I’ve integrated tempest with our loxone home automation system easily using an existing loxberry plugin. Works great.
However, to predict when to start cooling the home, it would be nice to have a prediction of the expected solar radiation. The uv-prediction is already there and has a correlation seemingly, but it would be nice if you could add this in a future release, as the current solar radiation is recorded by the weather system.
I’m not completely sure, but a prediction of 3 days in advance would be nice. It depends on the accuracy of course, and the amount of overheating/heating. Modern houses don’t cool/heat as fast due to strong thermal isolation and low-temperature heating, so a longer forecast seems useful.
I’ll check the loxone-setup again as it already expects a certain amount of data, but it requires a per hour forecast to manage screens, …
I already added the night time solar radiation :).
I have been working on that myself but only for the current day so I can determine if it is cloudy.
I’m curious about your thought process for your heating and cooling based on solar radiation (SR). Are you assuming a certain external heating rate of your house based on a given SR?
I am up to 5 different SR estimates that are more accurate at different solar angles. I, unfortunately, do not have solid data as I have had clouds for weeks and I need a few days of pure sun to test my assumptions.
Well the loxone automation system does that for me. It just expects the expected external solar radiation where I live. I do not think it is very complicated as the processing power is limited. However, I suspect that based on internal temperature sensors and state of screens (protection) one can estimate pretty well the effect of the solar radiation. No need to know every detail of your home I think, if it can be guessed with 90% accuracy.
never knew it there was UV prediction. Does this take into account the clouds? is it the average or the maximum of the hour? What would you need for solar radiation also the maximum expected? Or do you want to guess the amount of energy your solar panels produce (that would need to include a prediction of cloud cover, as it is integrated over time).
Well, based on my experience, the uv index is based on what arrives on your skin, so taking clouds into account. On a cloudy day, it seems less, although I’m just started to look at these values recently.
solar radiation (W/m²) should be the average over an hour I suppose, so that it actually represents Wh/m². Seems the most logical thing to be honest. The goal is to express how much energy from the sun is arriving each hour at that specific spot.
I’m interested in seeing the reduction of UV/Brightness/Solar Radiation from their maximum theoretical values. It would be ideal if a theoretical curve could be overlaid on each of these graphs so the reduction would be easily seen, but even a single number would be helpful. I would expect that the theoretical curve would be dependent on the Latitude and the time of year.
I am actually up to 6 different equations I am testing out. I have not had a non-cloudy day in months so I can not fully test myself until that time. I think I have it pretty good in that when there is not a cloud overhead at least one of my equations is fairly close but I can’t be for certain. I also need to trim up the area where it is effective because around 80 degrees Solar Azimuth (20 degrees Solar Elevations) the light sensor on the Tempest does not pick up to much. I can post my functions if anyone would like to test for themselves. Some of them take into account station height and Air Mass of the distance through air between the station and the sunlight entering the atmosphere.

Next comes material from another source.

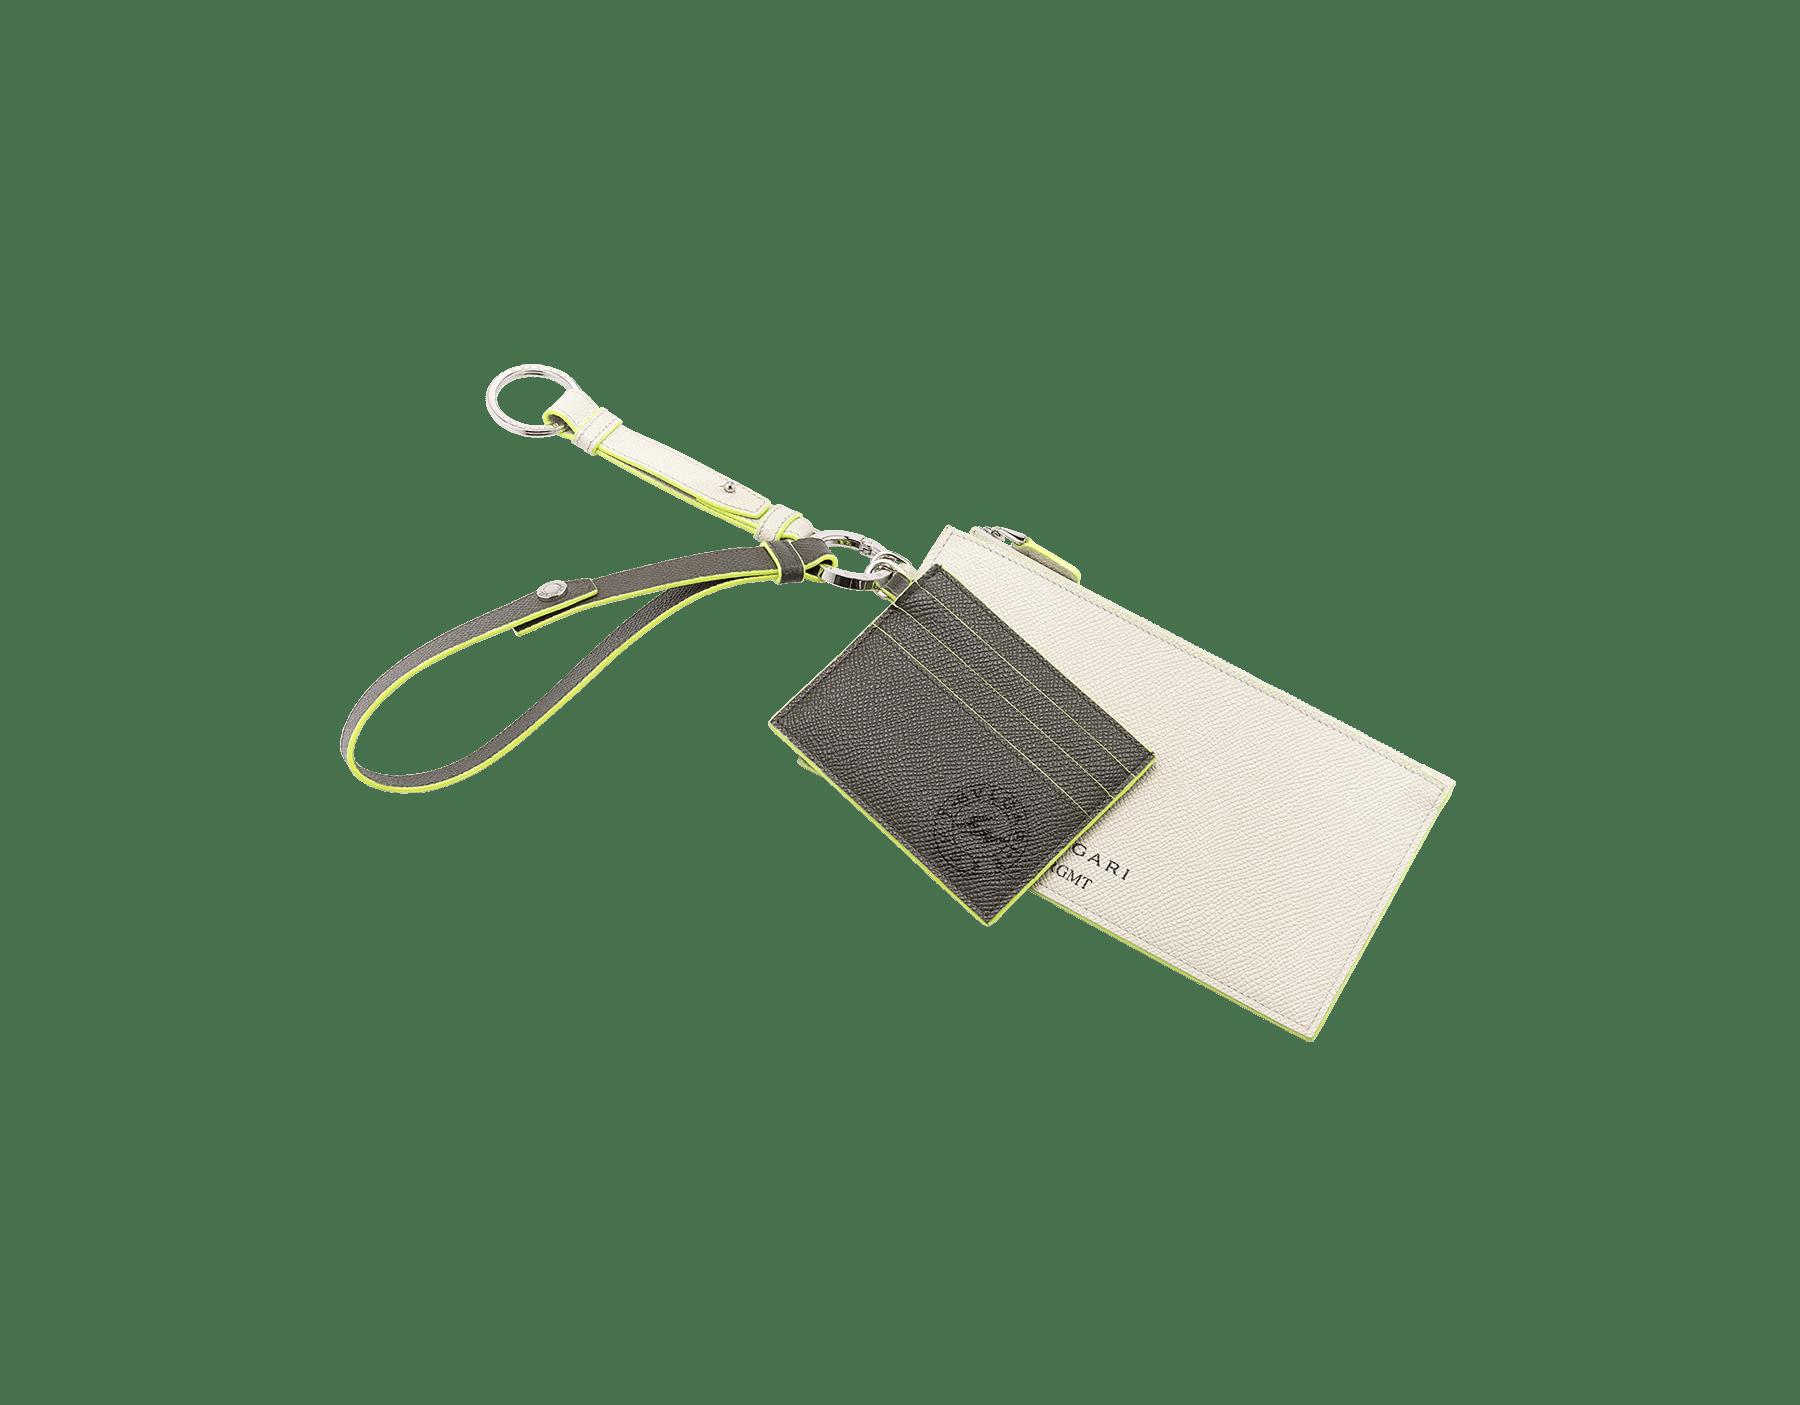 BVLGARI x FRAGMENT by Hiroshi Fujiwara携帯電話・クレジットカードホルダー。 ホークアイ、ホワイトアゲート、蛍光イエローのカーフレザー製。パラジウム プレート ブラスとホワイトアゲートのカーフレザー製キーホルダー。ホークアイのカーフレザー製ストラップ。 289528 image 1

I have the outputs feed back to Home Assistant so I can graph them easier. So I can post better screenshots also. I also run a comparison of ‘expected’ Solar Radiation to measured Solar Radiation from the Tempest; this is what I used currently to determine if actually cloudy. If the expected is twice the measured then it is cloudy; this seems to be working well…but as stated I need a full sunny day to be able to dial in my functions.
My six estimates on Solar Radiation:
Left Column______________ Right Column
Solar Elevation____________Solar Zenith
Measured SR_____________Measured SR
Estimate 1_______________ Comparison of Est to Measured in Percent
Estimate 2_______________ Comparison of Est to Measured in Percent
Estimate 3_______________ Comparison of Est to Measured in Percent
Estimate 4_______________ Comparison of Est to Measured in Percent
Estimate 5_______________ Comparison of Est to Measured in Percent
Estimate 6_______________ Comparison of Est to Measured in Percent
I’m curious as to what you come up with. As you can see I’m testing six different ones; my 4th seems to be the most accurate for now. I can post my equations if you would like to see what I am testing. It would be nice to compare to other geographic locations too.